Gendered parenting is so weird. As a little kid I was a total daddy's girl, I was told I would always try to sneak the garage, I was always very interested in everything he was doing and would follow him around while he was working, but while my family was never the type to outright say "you can't do that because you're a girl", they simply didn't entertain the idea that I could possibly be interested in cars. Then when my little brother was born, it was just assumed he would become a mechanic like our dad because he was a boy. Even though he, unlike me, didn't like being in the garage much and wasn't all that interested in what dad was doing. Once he got to a certain age, dad started making him help and would drag him away from his actual interests for it, which lead to a lot of arguing and not much actual learning.

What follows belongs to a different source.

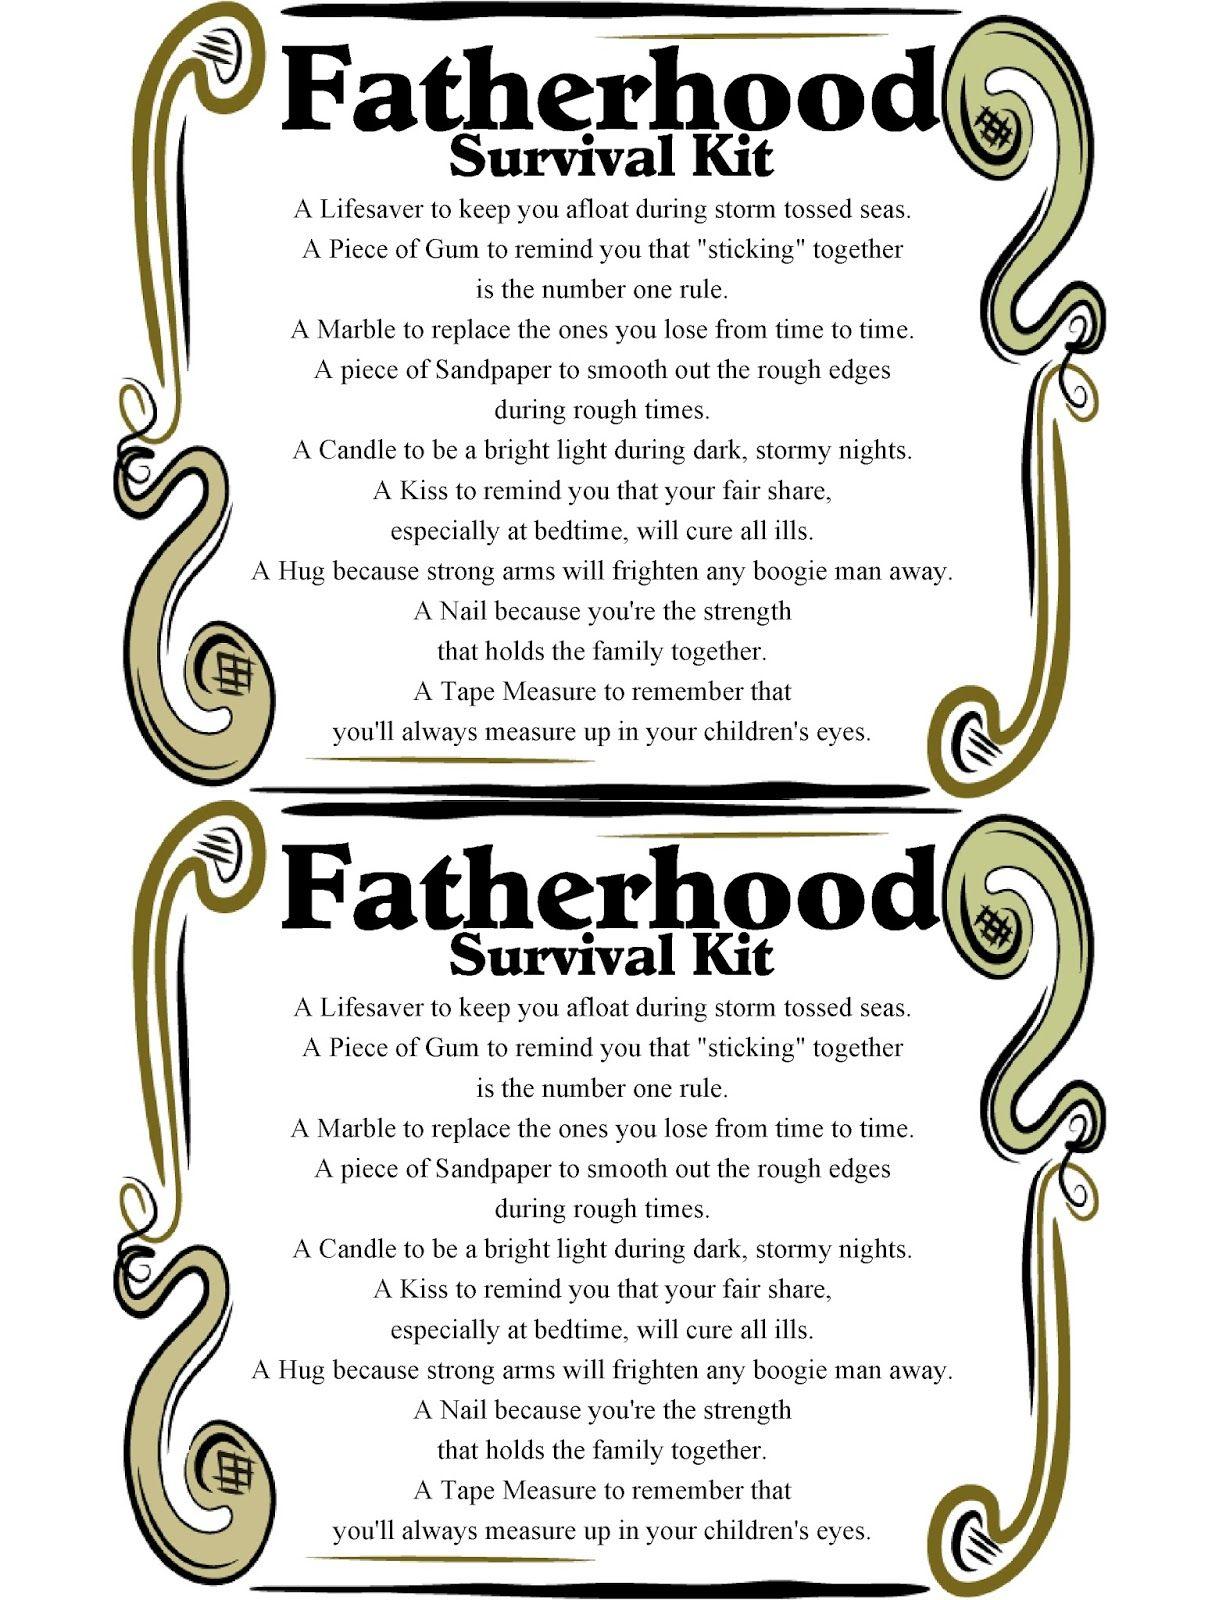 Fatherhood Survival Kit Printable

Gendered expectations sort of create doubles of children. There's the real child with their actual personality, interests and behaviors, and then there's the Gender Child.
My real brother hated soccer and team sports. The Gender Child that existed only the minds of the adults in his life enjoyed playing soccer because that's what a Boy Child likes.
Growing up, I always felt like adults didn't actually know me as a person and they weren't interested in getting to know me. Because they felt they'd already learned everything there was to know about me when they were told "it's a girl".
When I talk about how I never got gifts I actually liked from my relatives (to this day I still don't like getting gifts that aren't something I picked out myself), it isn't actually about the gifts themselves. I don't even remember them. What I do remember is the feeling of being given gifts that were seemingly not bought with the real me in mind. They were for the Girl Child™️ version of me. The me that adults wanted me to be, not who I actually was.